Fields named prompt, messages, content, input, or output are rejected with HTTP 400. Never send prompt content to Tollgate.

API Reference

Error Codes

Status	Meaning	Action
201	created	Event ingested successfully.	None.
200	duplicate	Same idempotencyKey already stored.	Safe to ignore — no double-count.
400	bad_request	Validation error or prompt content detected.	Fix the payload — don't retry.
401	unauthorized	Invalid or missing API key.	Check TOLLGATE_API_KEY.
402	quota_exceeded	Monthly event quota reached.	Upgrade plan in Settings.
429	rate_limited	Rate limit exceeded.	Respect Retry-After header.
500	server_error	Internal error — event may not have been stored.	Retry with exponential back-off.

API Reference

Integration Checklist

TOLLGATE_API_KEY set in environment — never commit it.

Provider client wrapped (or tollgate.track() called after each LLM call).

customerId matches real customer IDs in your system.

runId consistently identifies one end-to-end task.

idempotencyKey is stable and unique per event (pattern: runId#stepN).

reasoningTokens included for extended thinking models (Claude 3.7+, o1, o3).

cachedTokens included if using prompt caching.

outcome set on the closing event for per_unit / hybrid / per_resolution plans.

stream_options: { include_usage: true } added for OpenAI / OpenAI-compatible streaming.

upsertCustomer() called before first usage event for usage_based pricing.

recommended

No prompt content in any field.

Billing & Security

Plans & Pricing

All plans are self-serve and processed via Razorpay subscription cards inside Settings.

Tier	Price (INR)	Events / mo	Customers	Seats	Features
Starter	₹0 / mo	10,000	3	1	Overview & Customers dashboards
Growth	₹4,999 / mo	500,000	50	5	Email & webhook alerts, CSV exports
Scale	₹14,999 / mo	5,000,000	Unlimited	Unlimited	SSO/OIDC, Priority support

Events beyond your plan limit are rejected with 402 until you upgrade.

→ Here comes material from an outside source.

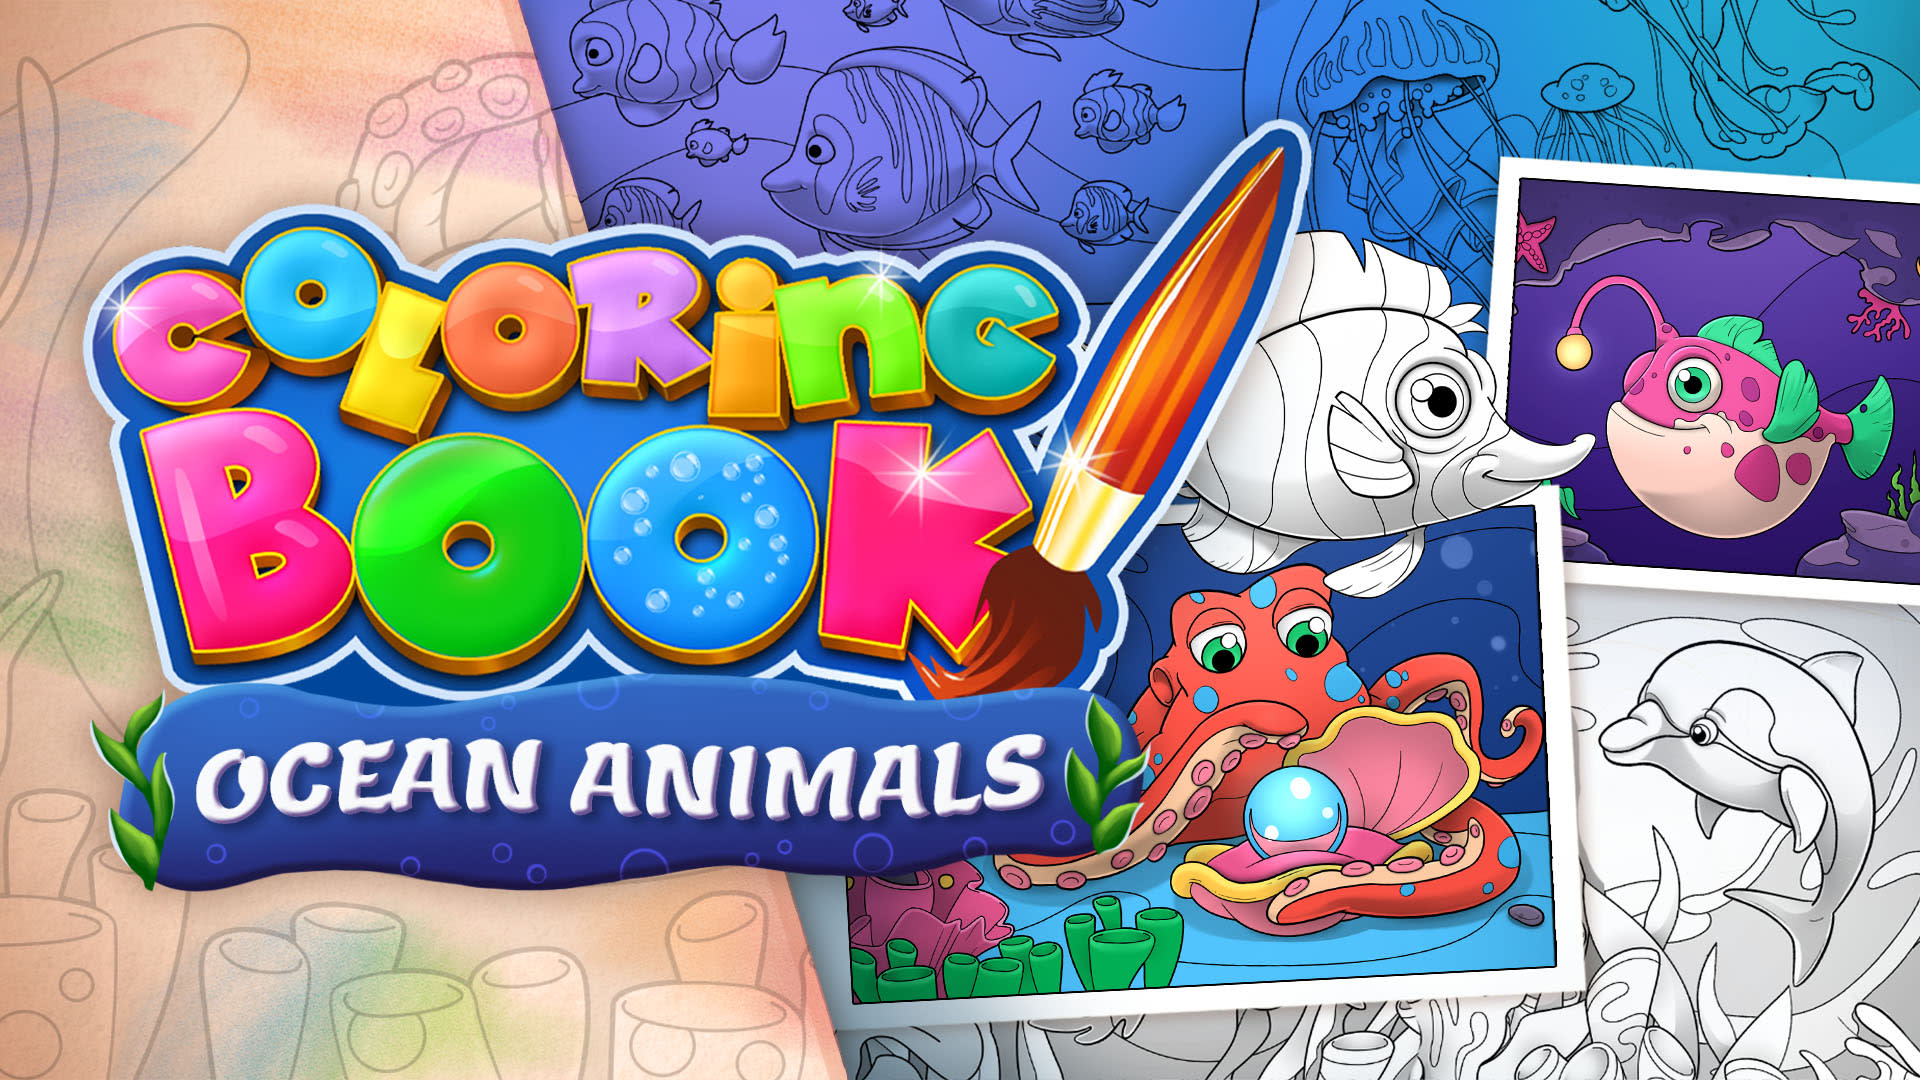 Coloring Book: Ocean Animals - 29 nouveaux dessins

Upgrading is instant — no re-integration required.

Billing & Security

Security & Privacy

Zero Payload Retention

SDKs analyze token counts. We never inspect, record, or route agent prompt strings, document contents, or any message bodies. Fields named prompt, messages, content, input, or output are rejected at ingestion (HTTP 400).

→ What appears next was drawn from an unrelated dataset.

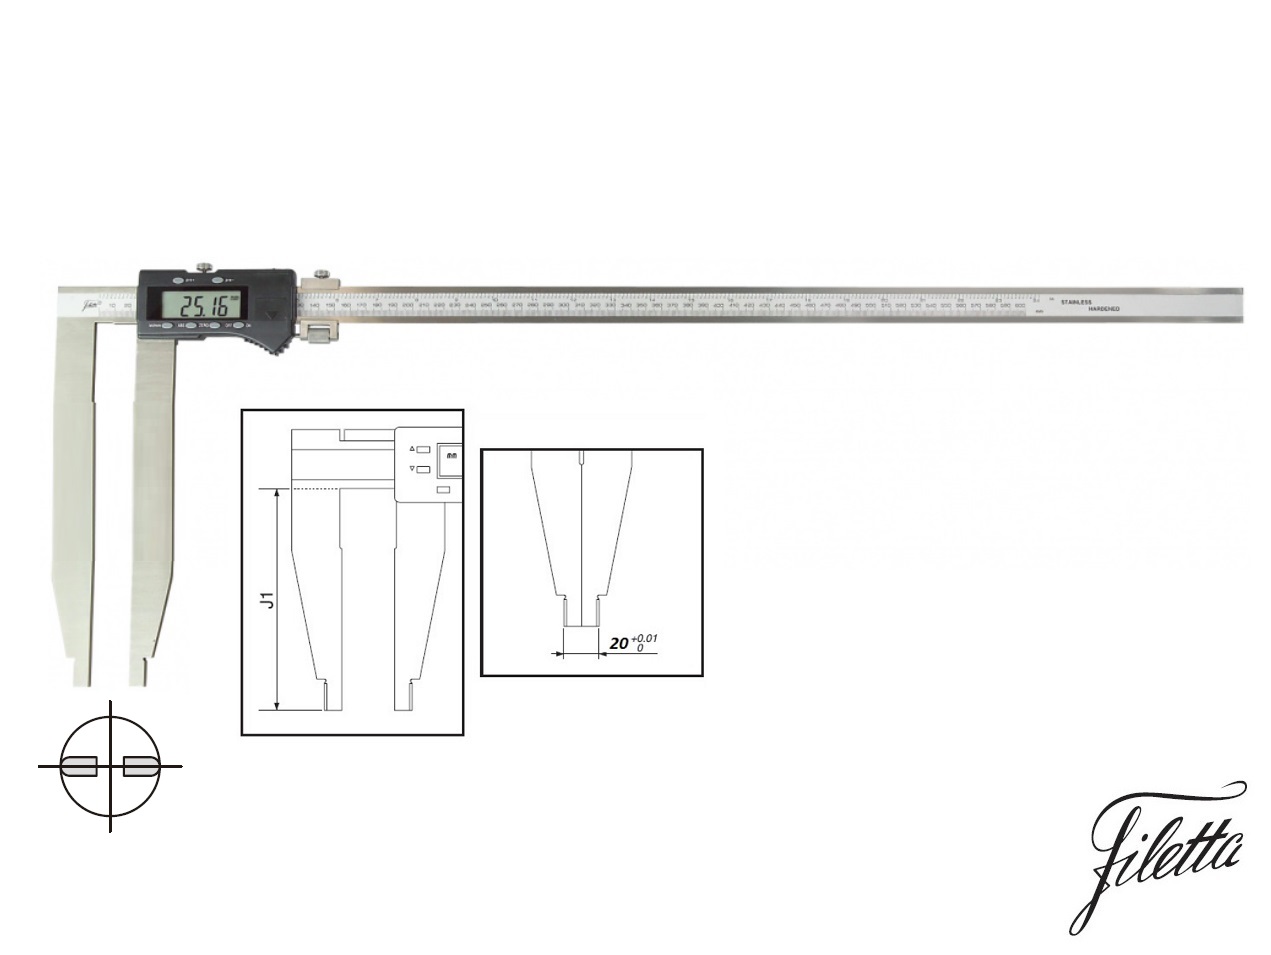 Digitální posuvné měřítko Filetta 0-500 mm bez nožíků, s měřicími čelistmi 250 mm

AES-256-GCM Encryption at Rest

All client credentials and API keys are encrypted at rest using AES-256-GCM via KMS-managed keys. Strict per-tenant row isolation is enforced in both DynamoDB (partition key scoping) and PostgreSQL (RLS policies).

Idempotent Ingest

Every write to DynamoDB uses a conditional expression on the idempotency_key — meaning events are guaranteed to land exactly once even on network retries or duplicated webhook calls.

SDK Trust Model

The SDK never modifies the response your code receives, never blocks on Tollgate errors, and always passes through to the original provider client. Tollgate errors are logged locally but do not surface to your end users.